编程教程以编写屏幕录像的形式非常重要,这对初学者和经验丰富的开发者都至关重要。然而,由于视频格式的难度,编写屏幕录像教程存在一定的挑战。为了解决大规模和多样数据集的缺乏问题,我们介绍了CodeSCAN数据集。该数据集包含从Visual Studio Code开发环境中捕获的12,000个屏幕截图,涵盖了24种编程语言,25种字体以及超过90个独特主题,还包括多样布局变化和真实的用户交互。此外,我们详细评估了集成开发环境(IDE)元素检测、颜色-to-black-and-white转换和光学字符识别(OCR)的性能。我们希望我们的贡献促进更多研究屏幕录像分析,并将创建数据集和基准的源代码公开发布在网站上。
https://arxiv.org/abs/2409.18556
This paper presents a benchmark dataset for aligning lecture videos with corresponding slides and introduces a novel multimodal algorithm leveraging features from speech, text, and images. It achieves an average accuracy of 0.82 in comparison to SIFT (0.56) while being approximately 11 times faster. Using dynamic programming the algorithm tries to determine the optimal slide sequence. The results show that penalizing slide transitions increases accuracy. Features obtained via optical character recognition (OCR) contribute the most to a high matching accuracy, followed by image features. The findings highlight that audio transcripts alone provide valuable information for alignment and are beneficial if OCR data is lacking. Variations in matching accuracy across different lectures highlight the challenges associated with video quality and lecture style. The novel multimodal algorithm demonstrates robustness to some of these challenges, underscoring the potential of the approach.
本文提出了一种用于将讲座视频与相应幻灯片对齐的基准数据集,并引入了一种利用语音、文本和图像特征的新颖多模态算法。与SIFT(0.56)相比,它实现了平均准确率0.82,速度大约快了11倍。通过动态规划算法,该算法试图确定最优幻灯片序列。结果表明,惩罚幻灯片转换可以提高准确率。通过光学字符识别(OCR)获得的特征对高匹配准确率做出了最大贡献,其次是图像特征。这些发现突出了音频转录 alone 提供 valuable information for alignment 以及如果 OCR data 缺乏时,这种方法是有益的。不同讲座之间的匹配准确率差异突出了视频质量和讲座风格所带来的挑战。新颖的多模态算法表明对其中一些挑战具有容错性,并强调了这个方法的未来潜力。

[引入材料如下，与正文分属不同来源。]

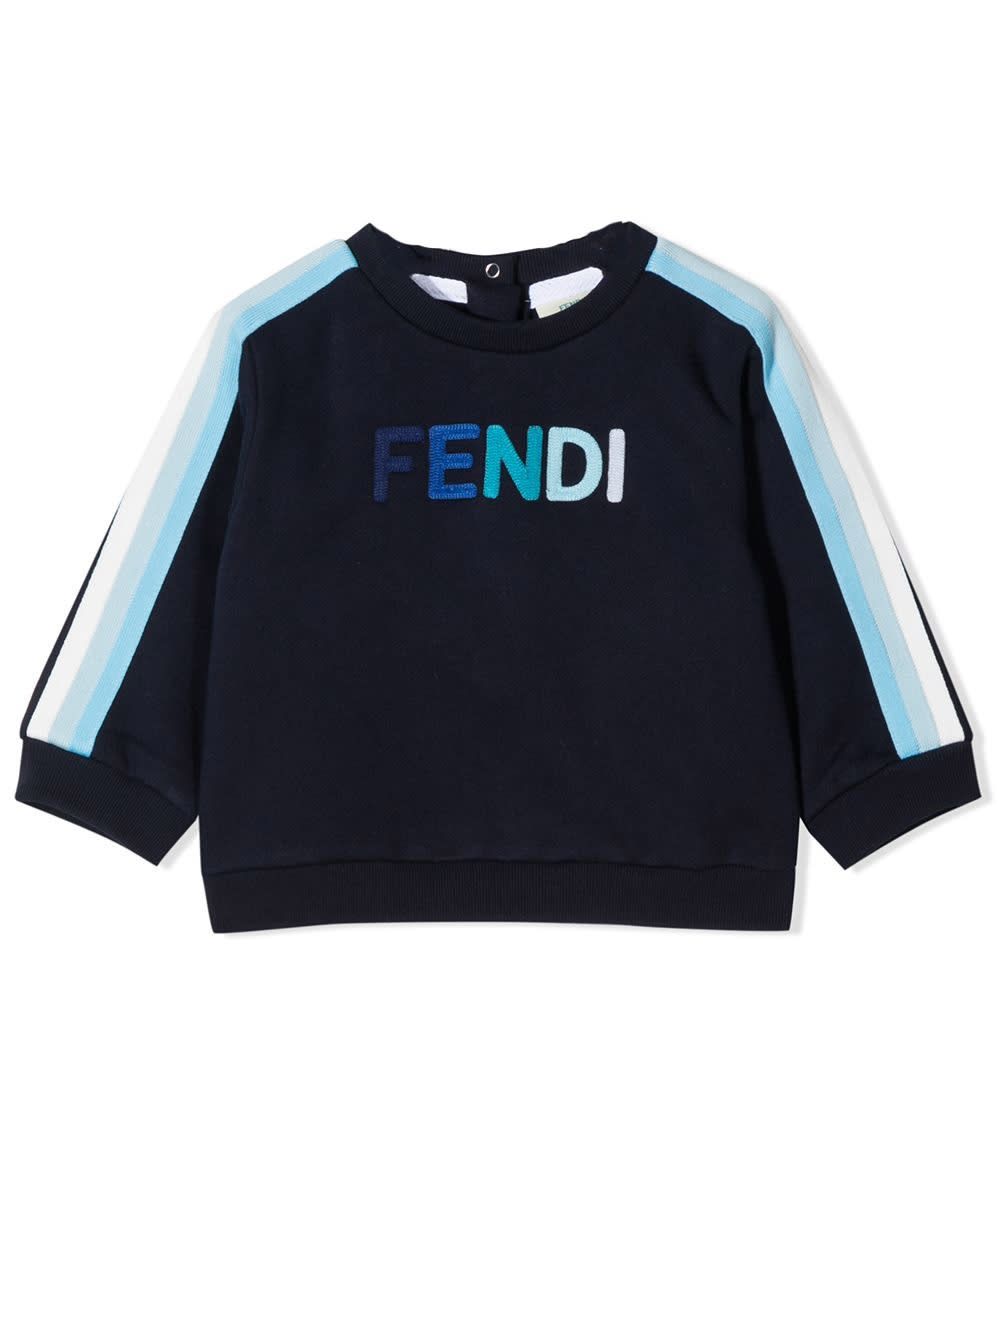 FENDI FENDI KIDS

https://arxiv.org/abs/2409.16765
As Vision-Language Models (VLMs) advance, human-centered Assistive Technologies (ATs) for helping People with Visual Impairments (PVIs) are evolving into generalists, capable of performing multiple tasks simultaneously. However, benchmarking VLMs for ATs remains under-explored. To bridge this gap, we first create a novel AT benchmark (@Bench). Guided by a pre-design user study with PVIs, our benchmark includes the five most crucial vision-language tasks: Panoptic Segmentation, Depth Estimation, Optical Character Recognition (OCR), Image Captioning, and Visual Question Answering (VQA). Besides, we propose a novel AT model (@Model) that addresses all tasks simultaneously and can be expanded to more assistive functions for helping PVIs. Our framework exhibits outstanding performance across tasks by integrating multi-modal information, and it offers PVIs a more comprehensive assistance. Extensive experiments prove the effectiveness and generalizability of our framework.
随着Vision-Language Models(VLMs)的发展,为帮助视觉障碍人士(PVIs)的人性化辅助技术(ATs)正在演变成为多任务处理专家,能够同时执行多项任务。然而,对VLMs评估AT仍然是一个未被充分探索的领域。为了填补这一空白,我们首先创建了一个新颖的AT基准(@Bench)。在PVIs的预设计用户研究指导下,我们的基准包括五个最关键的视觉语言任务:全景分割、深度估计、光学字符识别(OCR)、图像标注和视觉问答(VQA)。此外,我们提出了一个新颖的AT模型(@Model),能够同时处理所有任务,并可以扩展为为PVIs提供更多辅助功能的模型。我们的框架通过整合多模态信息在任务之间取得了出色的表现,并为PVIs提供了更全面的帮助。大量实验证实了我们的框架的有效性和普遍性。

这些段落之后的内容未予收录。